Il montre aussi que la qualification repose inévitablement sur un jugement factuel de l'état psychologique de la personne prétendument abusée et de celui qu'on suspecte d'abus. Les mêmes actes, papiers, remises, agissements peuvent recevoir ou non la qualification pénale d'abus de faiblesse selon la psychologie des acteurs (savaient-ils ou non, ont-ils voulu ou pas).

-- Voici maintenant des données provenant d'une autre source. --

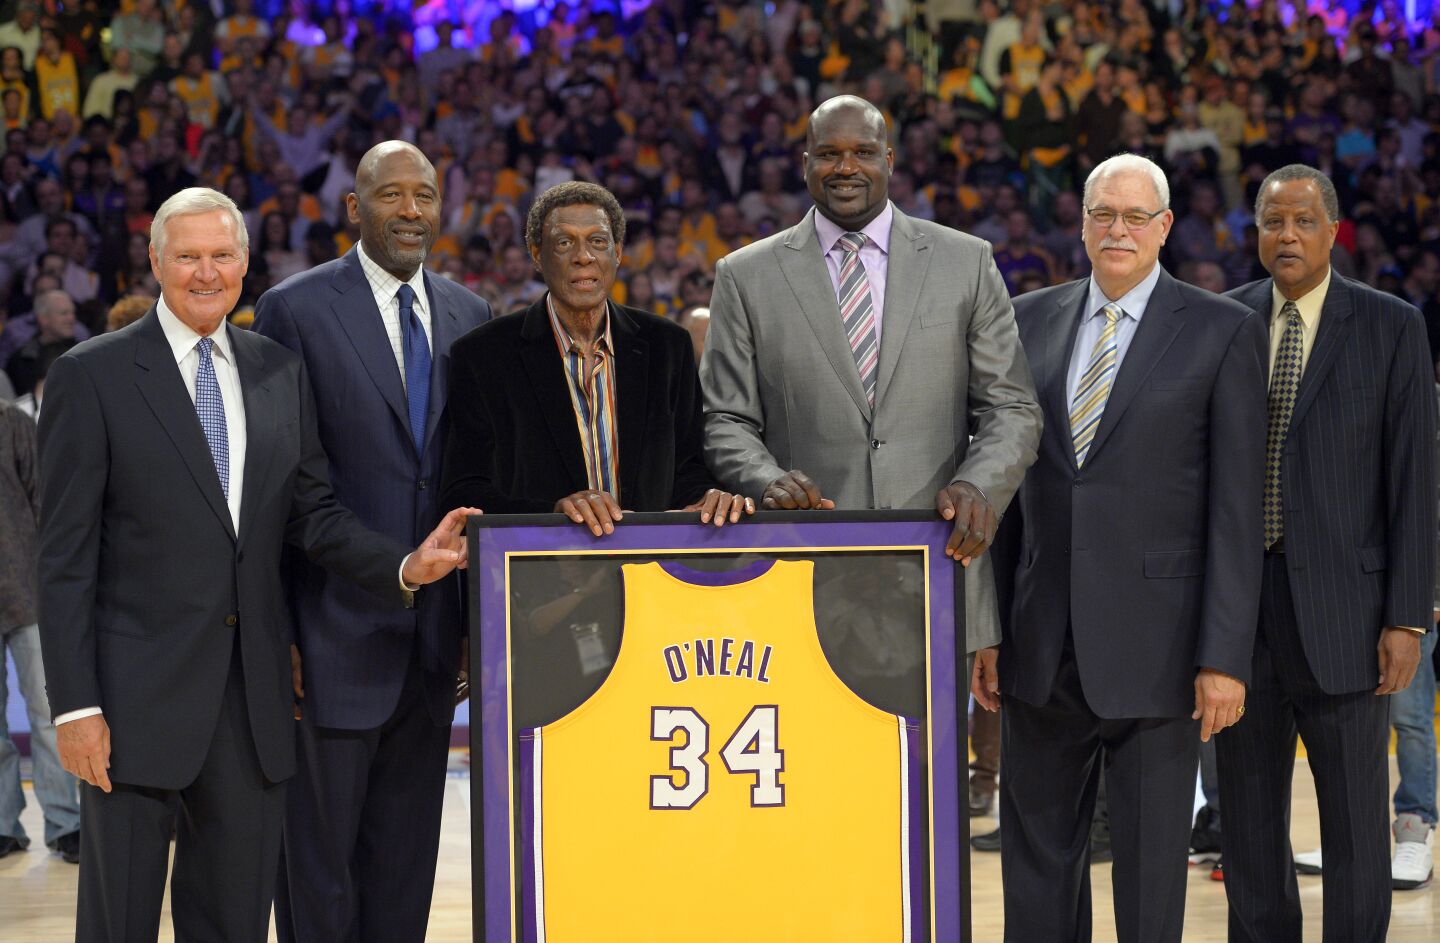 Former Los Angeles Lakers, from left, Jerry West, James Worthy, Elgin Baylor, Shaquille O'Neal, Jamaal Wilkes and former coach Phil Jackson pose as they retired his O'Neal's jersey during the half of the Lakers' NBA basketball game against the Dallas Mavericks, Tuesday, April 2, 2013, in Los Angeles.

Ici, la Cour de cassation estime que la juridiction pénale est allée trop vite en besogne : une qualification doit être minutieuse et rapprocher des faits pertinents des termes précis de la loi. La chambre criminelle avait donc cassé la décision de condamnation, sa mention avait été justifiée puisque la note a été lue près de 9 000 fois.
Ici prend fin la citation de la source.